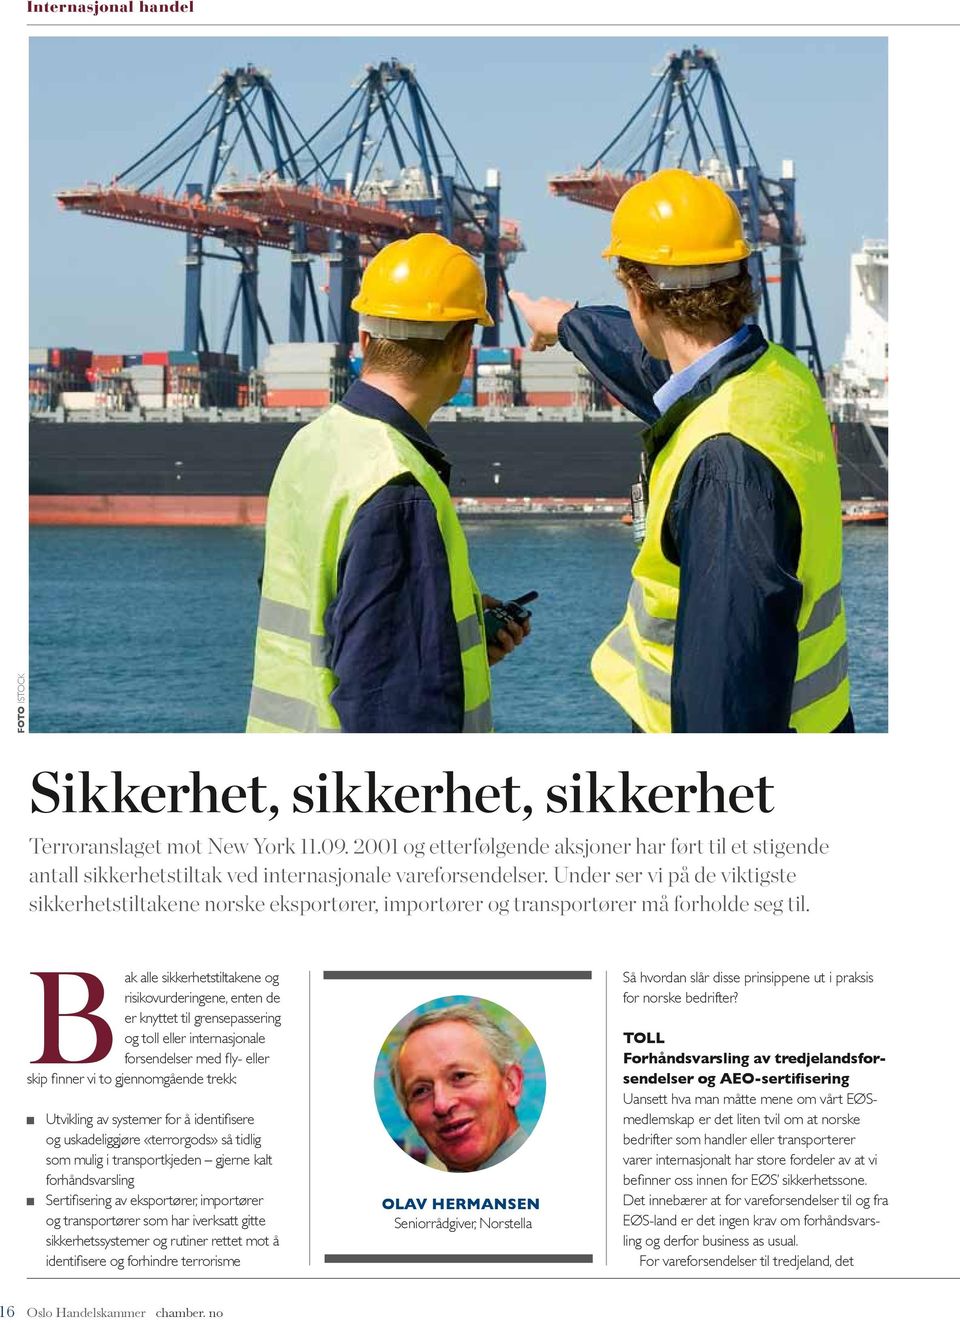 Under ser vi på de viktigste sikkerhets tiltakene norske eksportører, importører og transportører må forholde seg til.
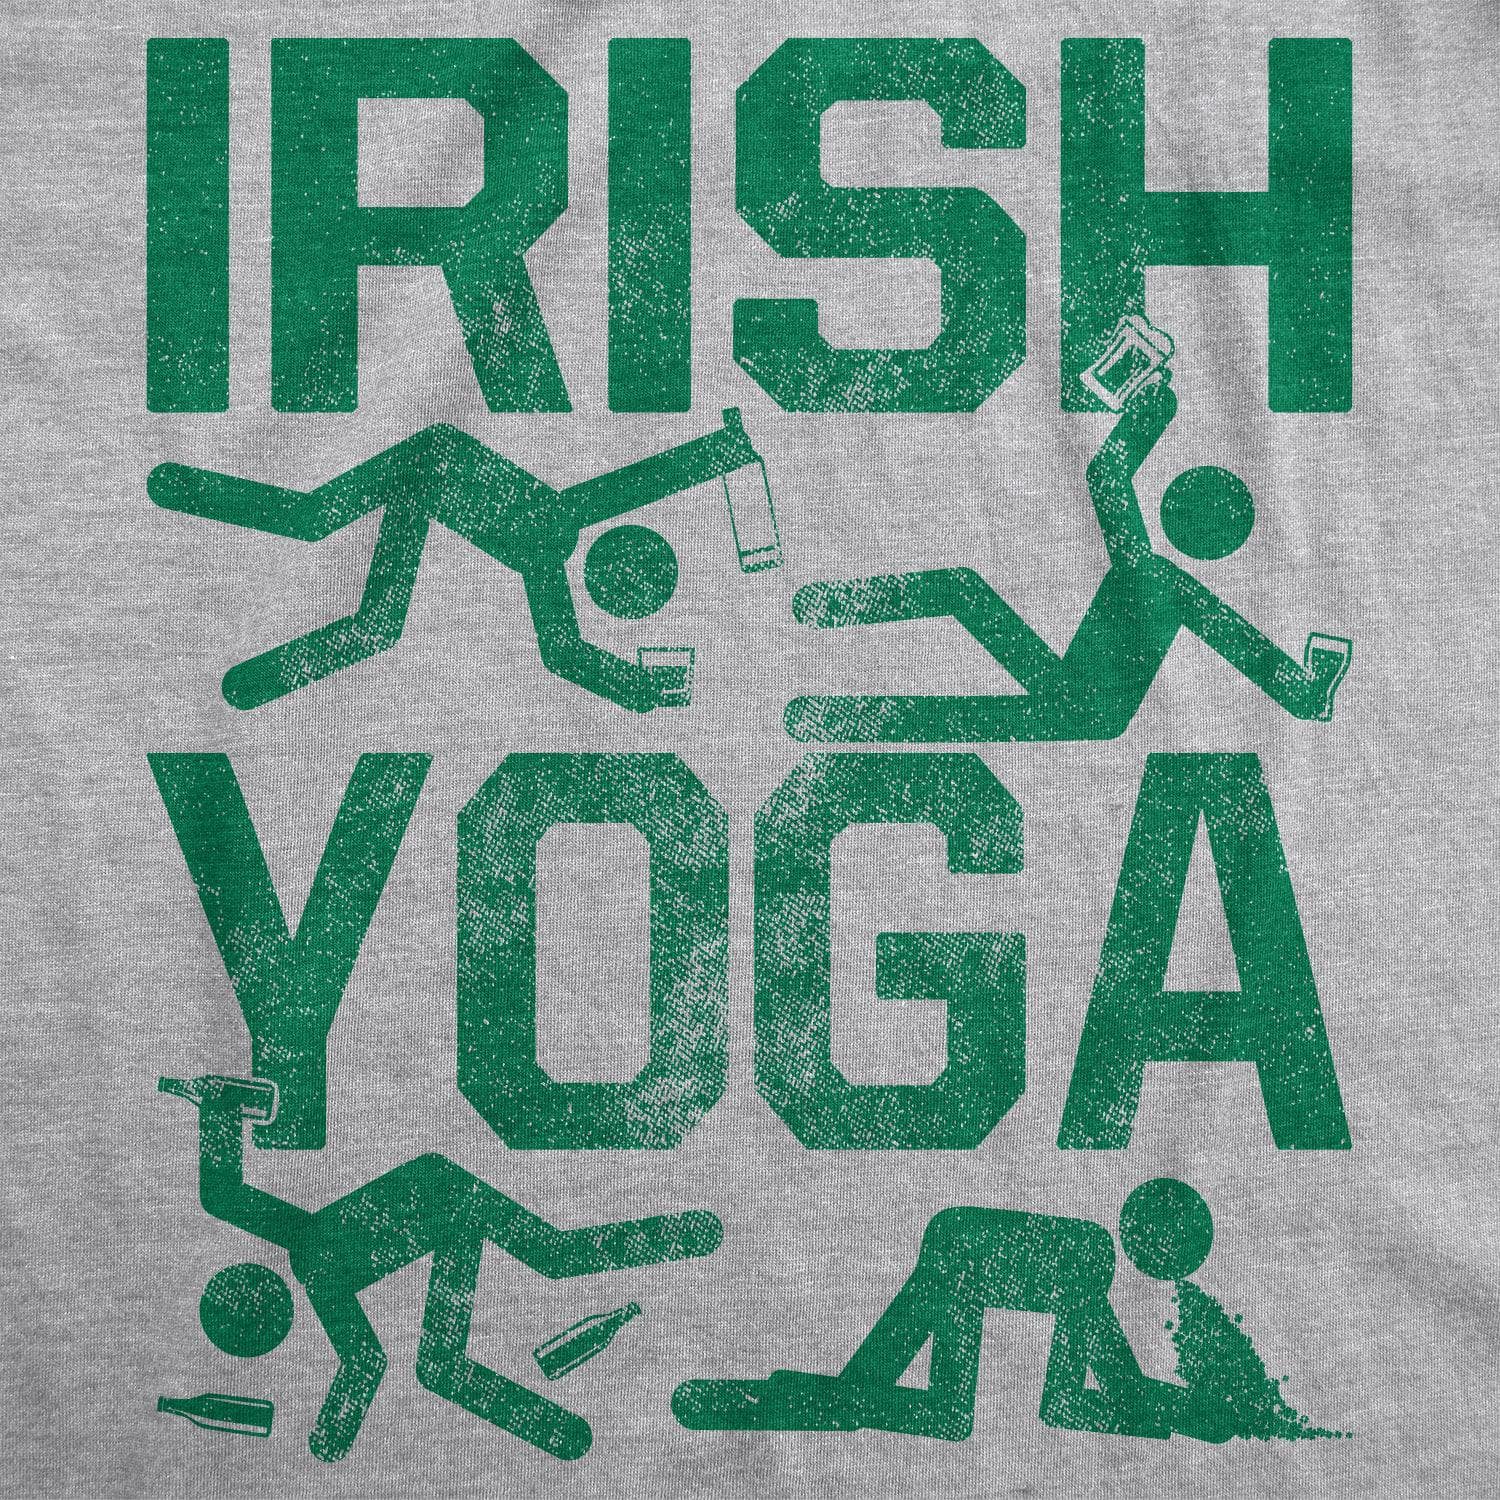 Irish Yoga Women's Tshirt  -  Crazy Dog T-Shirts
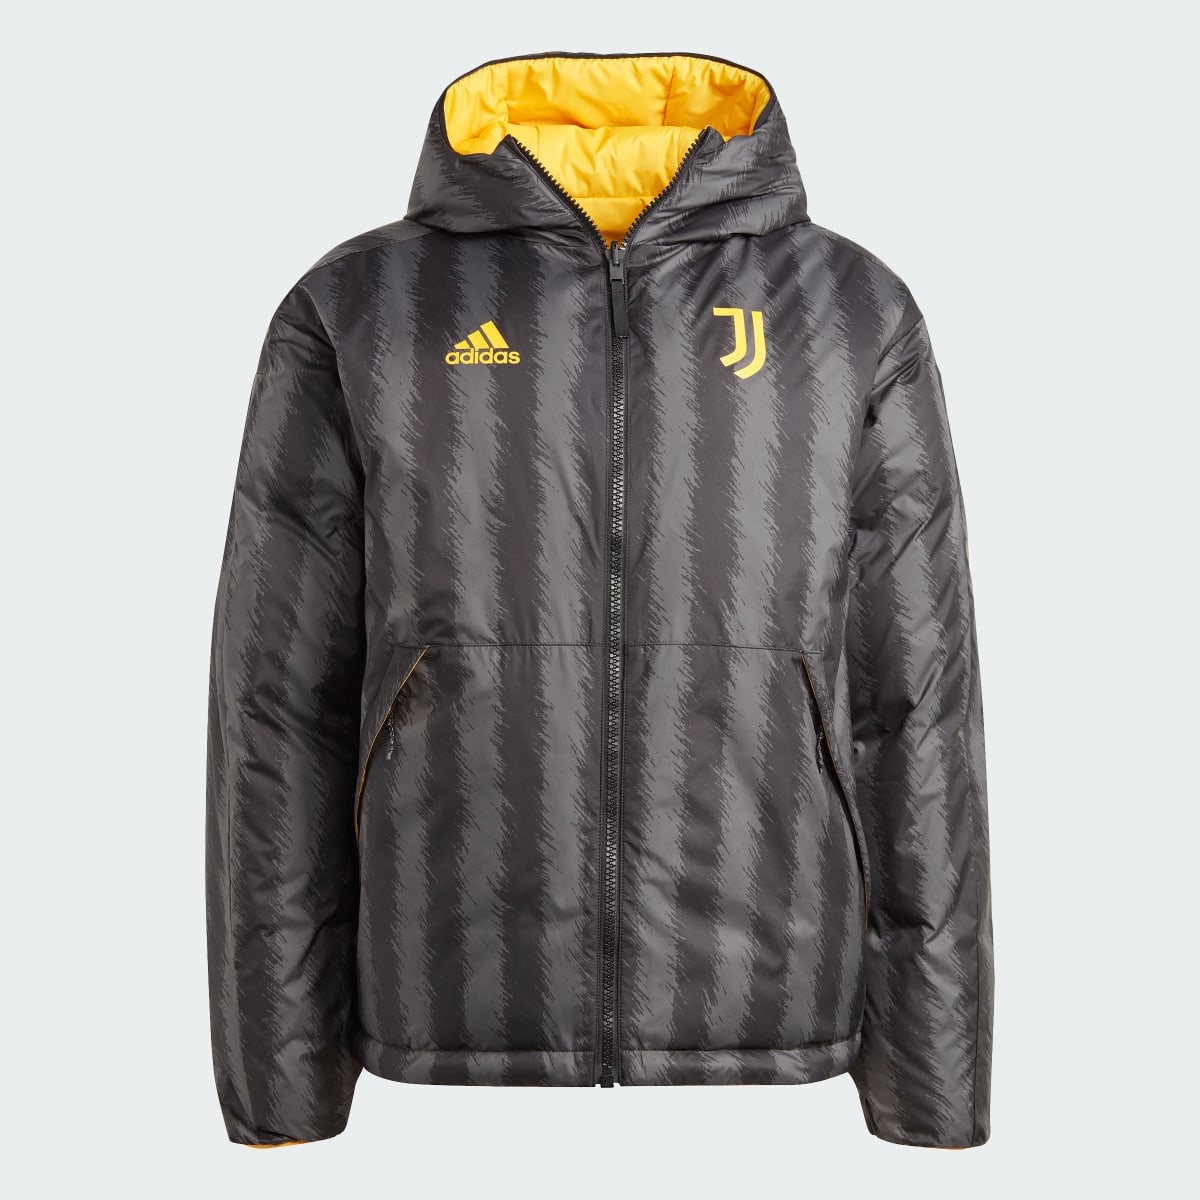 Adidas Juventus DNA Down Jacket. 6
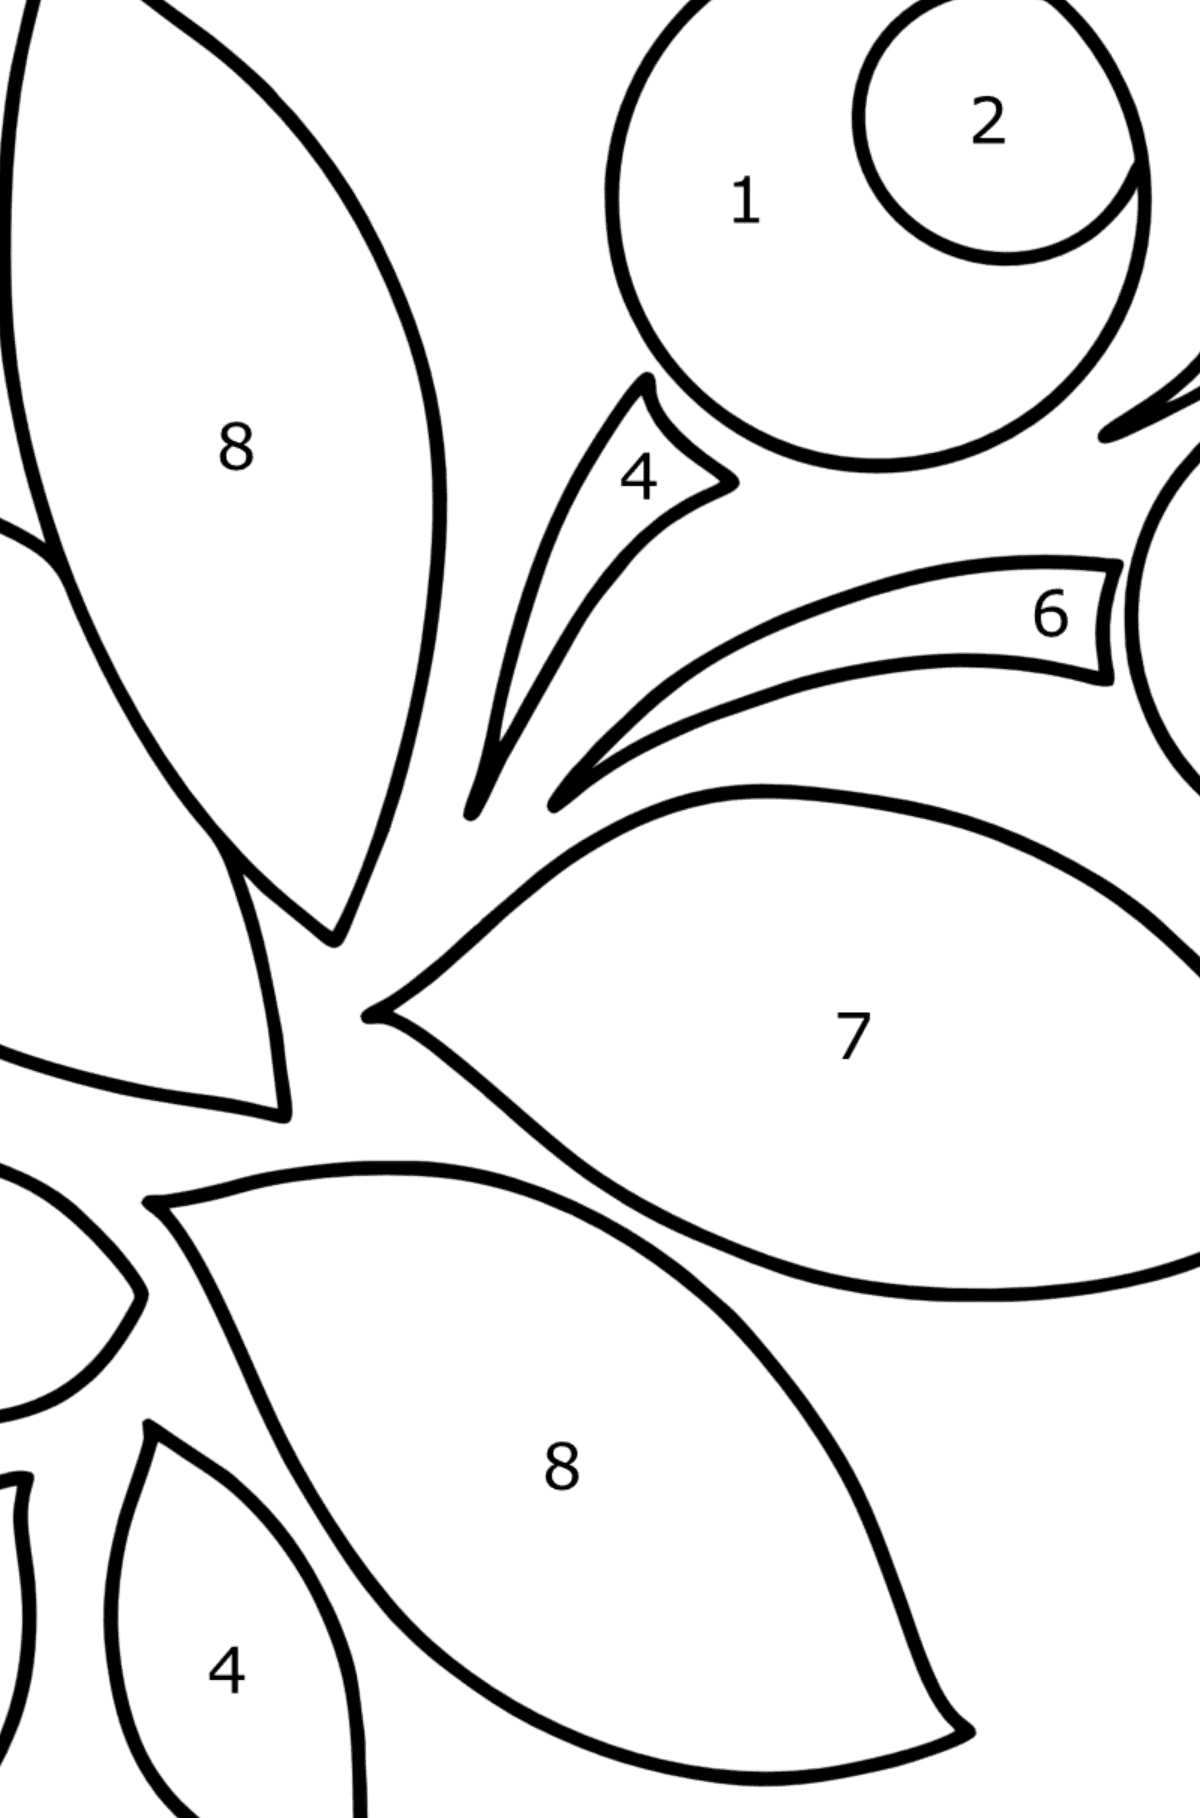 Ausmalbild Zentangle Art - Malen nach Zahlen für Kinder

▶ [WORK TASK] From the line containing "Adidas Juventus DNA Down Jacket. 6" to the last line of the listing above, transcribe each line exactly, skipping the pictures.

▶ [RESULT]
 Adidas Juventus DNA Down Jacket. 6
 Ausmalbild Zentangle Art - Malen nach Zahlen für Kinder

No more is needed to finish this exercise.